Safe to tell a secret to one,
Risky to two,
To tell it to three is folly.

    "The trumpet blew, the king's men in the middle started rolling boulders over and down. Imperials weren't happy when they saw them coming."

    "The rocks wiped out the legions?"

    "No such luck. The rocks tore holes in the shield wall. The rest was up to us."

    "You charged them? Didn't you tell me that was stupid?"
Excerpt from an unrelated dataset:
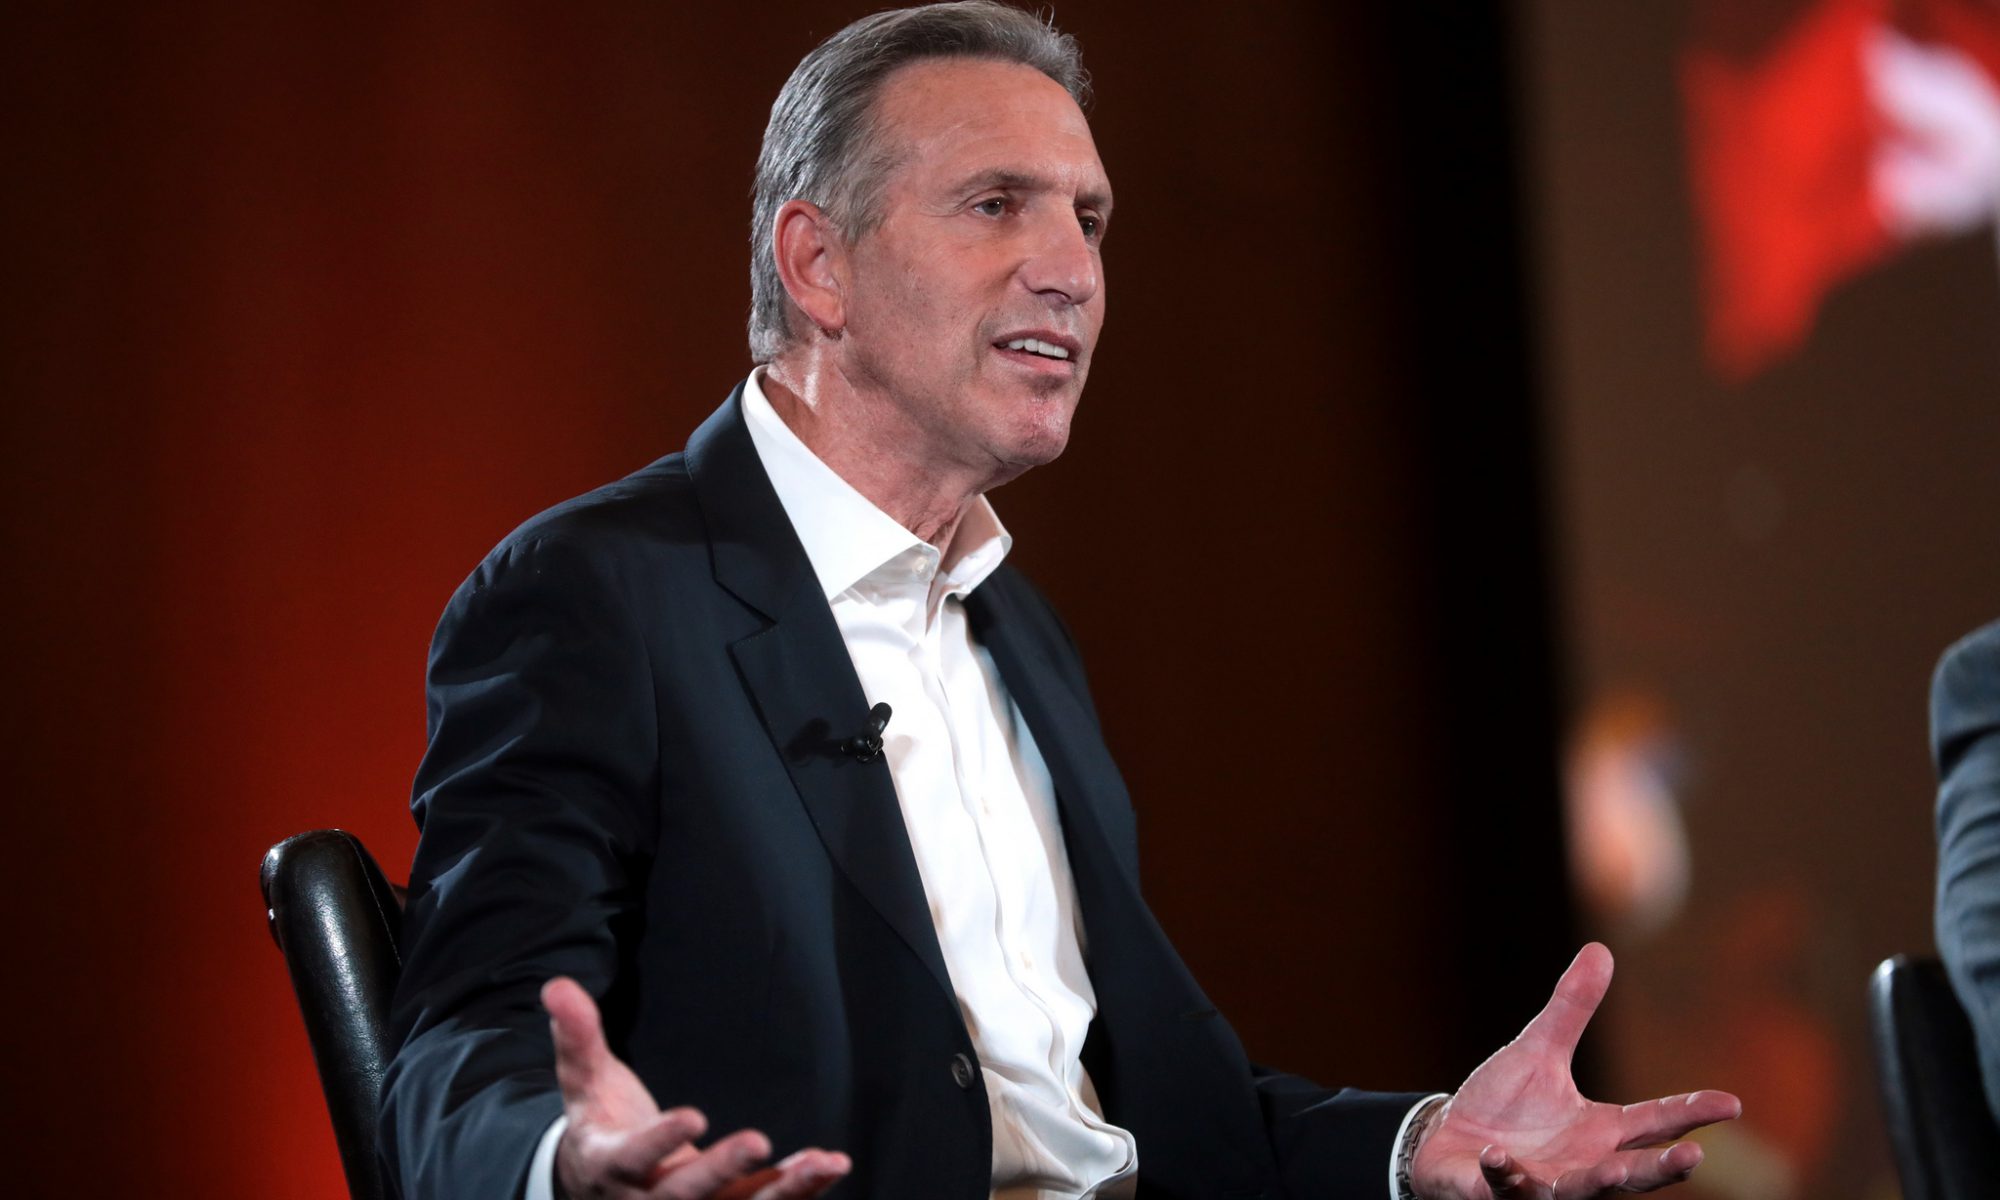 Photograph of former Starbucks CEO sitting on a stage gesturing with his hands spread

    "Would have been. We poured in arrows from just outside javelin range. Cats on the left, Order on the right. They tried to reform, but it was too late, and the rocks kept coming. Legionaries are good, but they die just like other people."

    "What about –"

    They heard voices in the courtyard below. Hen was on his feet first. Harald paused to pull his cloak around him.
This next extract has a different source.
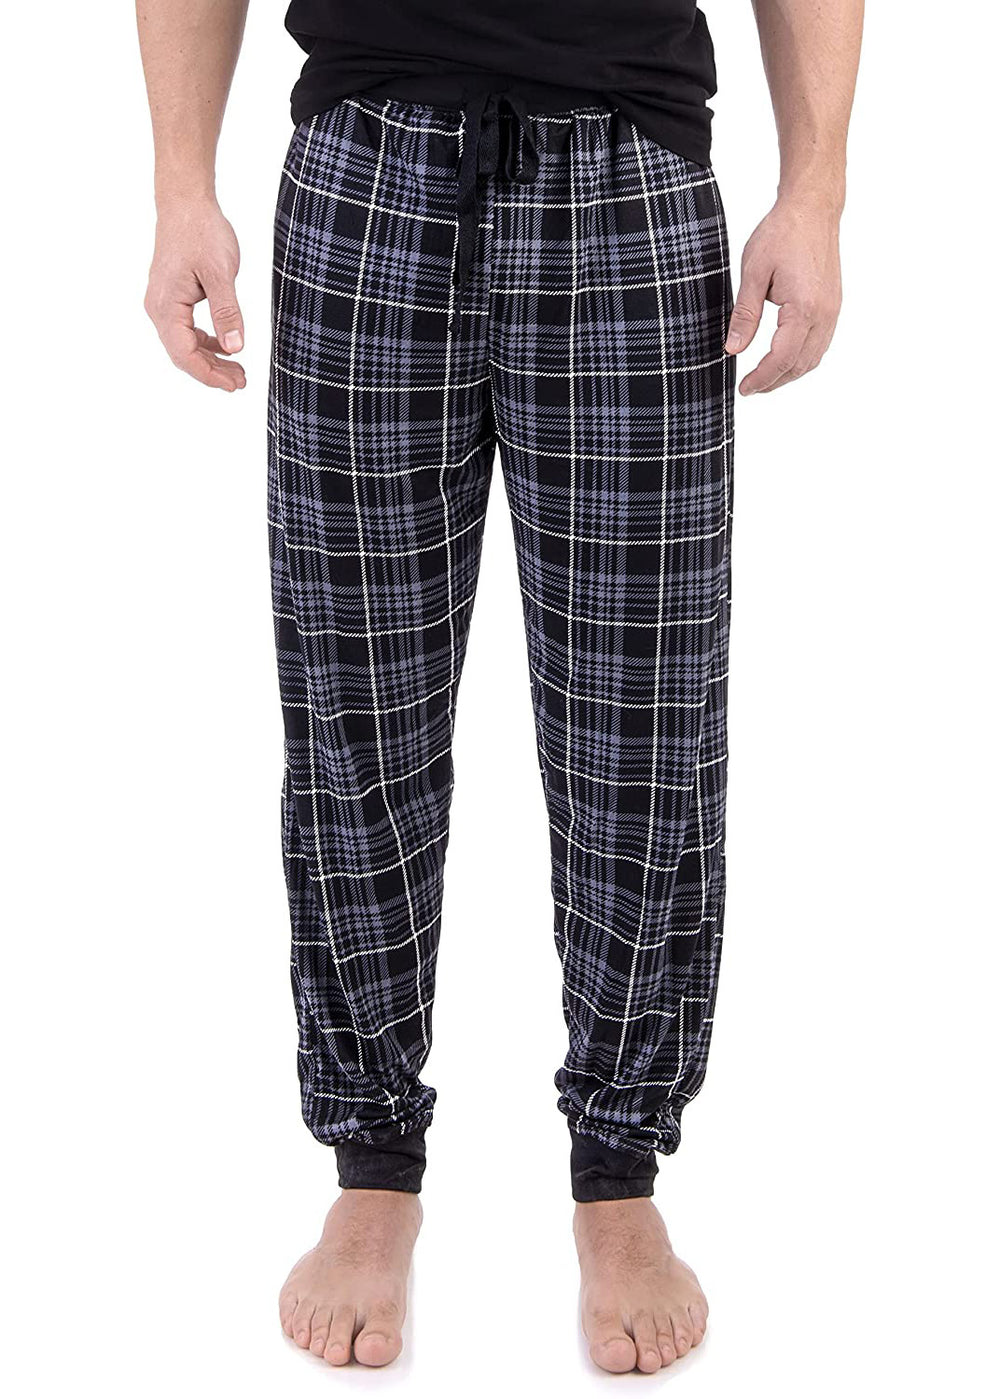 PJ joggers with soft velvety texture, stretch, elastic waistband, drawstring, and stylish ankle cuff. This pattern is a grey, black and white plaid. The waist and the cuffs are black

    Yosef was there already, Rorik beside him. One of the guards was opening the gate. Two riders came into the courtyard through the falling snow. The smaller spoke:

    "Elaina ni Leonor, my sister Kara ni Lain. We come in peace."

    Yosef stepped forward:

    "I am Yosef, castellan of Forest Keep for Stephen of North Province. In peace be welcome."

    Harald saw her swaying in the saddle, stepped forward. The Lady swung one foot over, slid down; he caught her as she fell.

    Yosef spoke:

    "The hall is warmest; can you manage her?"

    Harald nodded.

    "Hardly weighs anything." It was true. Despite the mail hauberk, he had carried boys who weighed more.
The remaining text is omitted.